The data set includes 41,188 instances, each representing a contact made with a customer during the campaign. For each contact, there are 21 input variables (such as age, job, education, marital status, etc.) and one binary output variable, which indicates whether or not the customer subscribed to the term deposit. Each phone call in the data set is a row, while the columns correspond to the variables whose names and definitions are the following:

variable description
age numeric
job type of job (categorical): “admin.”,“blue-collar”,“entrepreneur”,“housemaid”,“management”,“retired”,“self-employed”,“services”,“student”,“technician”,“unemployed”,“unknown”)
marital marital status (categorical: “divorced”,“married”,“single”,“unknown”; note: “divorced” means divorced or widowed)
education categorical: “basic.4y”,“basic.6y”,“basic.9y”,“high.school”,“illiterate”,“professional.course”,“university.degree”,“unknown”
default has credit in default? (categorical: “no”,“yes”,“unknown”)
housing has housing loan? (categorical: “no”,“yes”,“unknown”)
loan has personal loan? (categorical: “no”,“yes”,“unknown”)
contact contact communication type (categorical: “cellular”,“telephone”)
month last contact month of year (categorical: “jan”, “feb”, “mar”, …, “nov”, “dec”)
day_of_week last contact day of the week (categorical: “mon”,“tue”,“wed”,“thu”,“fri”)
duration last contact duration, in seconds (numeric). Important note: this attribute highly affects the output target (e.g., if duration=0 then y=“no”). Yet, the duration is not known before a call is performed. Also, after the end of the call y is obviously known.
campaign number of contacts performed during this campaign and for this client (numeric, includes last contact)
pdays number of days that passed by after the client was last contacted from a previous campaign (numeric; 999 means client was not previously contacted)
previous number of contacts performed before this campaign and for this client (numeric)
poutcome outcome of the previous marketing campaign (categorical: “failure”,“nonexistent”,“success”)
emp.var.rate employment variation rate - quarterly indicator (numeric)
cons.price.idx consumer price index - monthly indicator (numeric)
cons.conf.idx consumer confidence index - monthly indicator (numeric)
euribor3m euribor 3 month rate - daily indicator (numeric)
nr.employed number of employees - quarterly indicator (numeric)
y has the client subscribed a term deposit? (binary: “yes”,“no”)
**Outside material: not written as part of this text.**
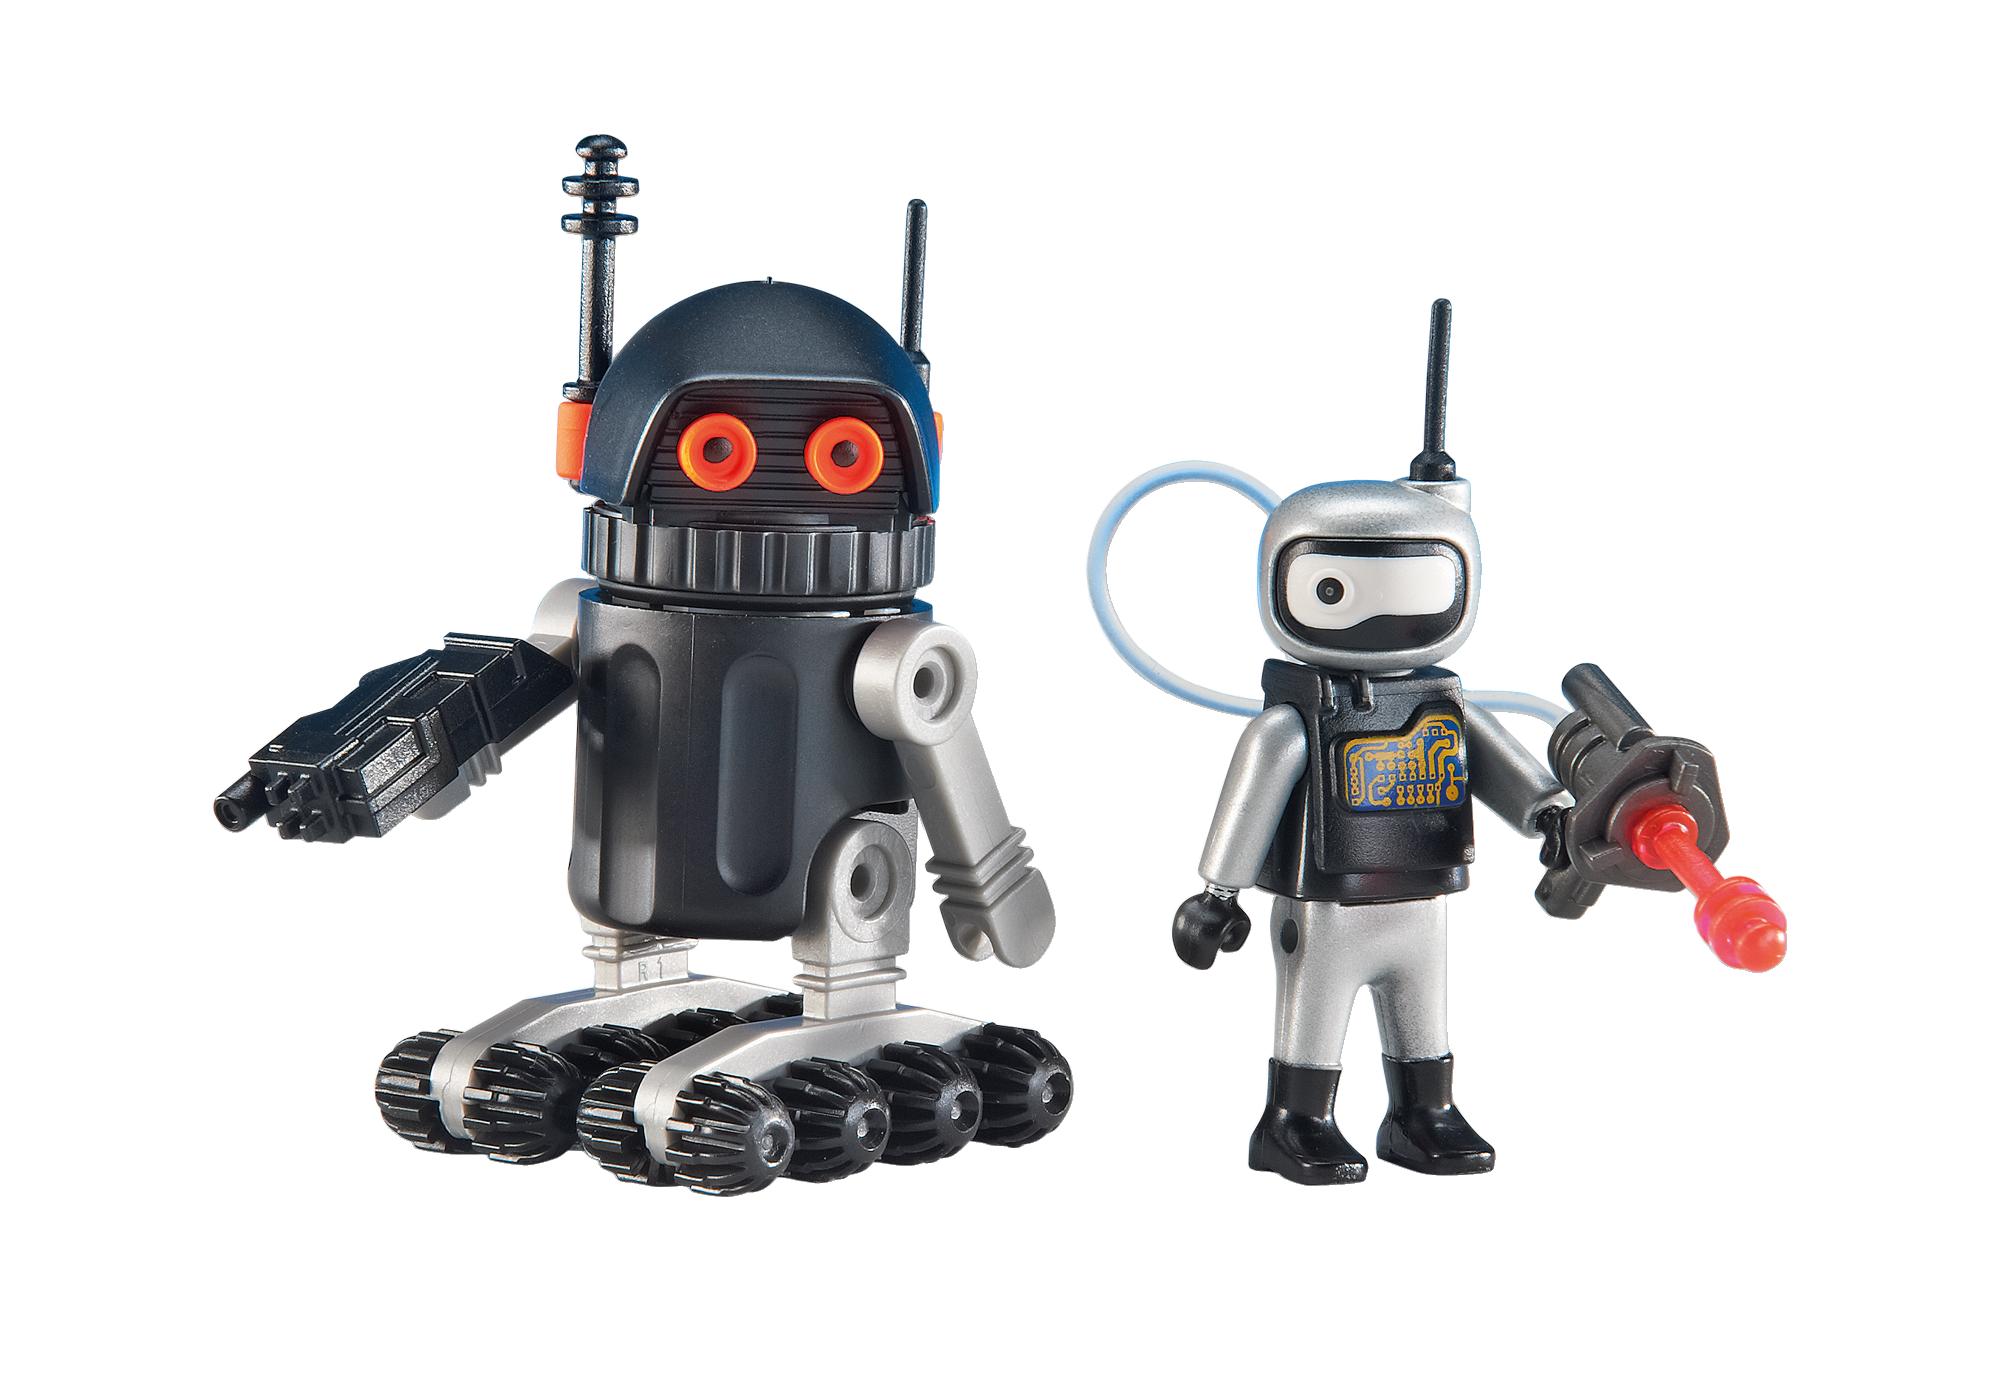 http://media.playmobil.com/i/playmobil/6511_product_detail/Weltraumroboter

3 Exploratory Data Analysis

From all the customers those had been contacted, only 11.3% of them subscribed to the term deposit.

3.1 Customers’ Demography

People who fall between 30-39 age group have mostly been contacted by the bank followed by the age group between 40-49.

The marketing campaign primarily targeted individuals in the “admin” job group, with the “blue-collar” job group being the second most contacted. On the other hand, the “student” group received the least amount of contact from the marketing team. This indicates that the marketing strategy focused on reaching out to professionals in administrative roles and those working in manual or labor-intensive jobs, while giving less priority to students.

The customers with middle school education or less were highest in numbers in the direct-marketing campaign, followed by the customers with university degree. Among the targeted customers, customers with a university degree demonstrated a higher likelihood of subscribing to the term deposit compared to other education groups.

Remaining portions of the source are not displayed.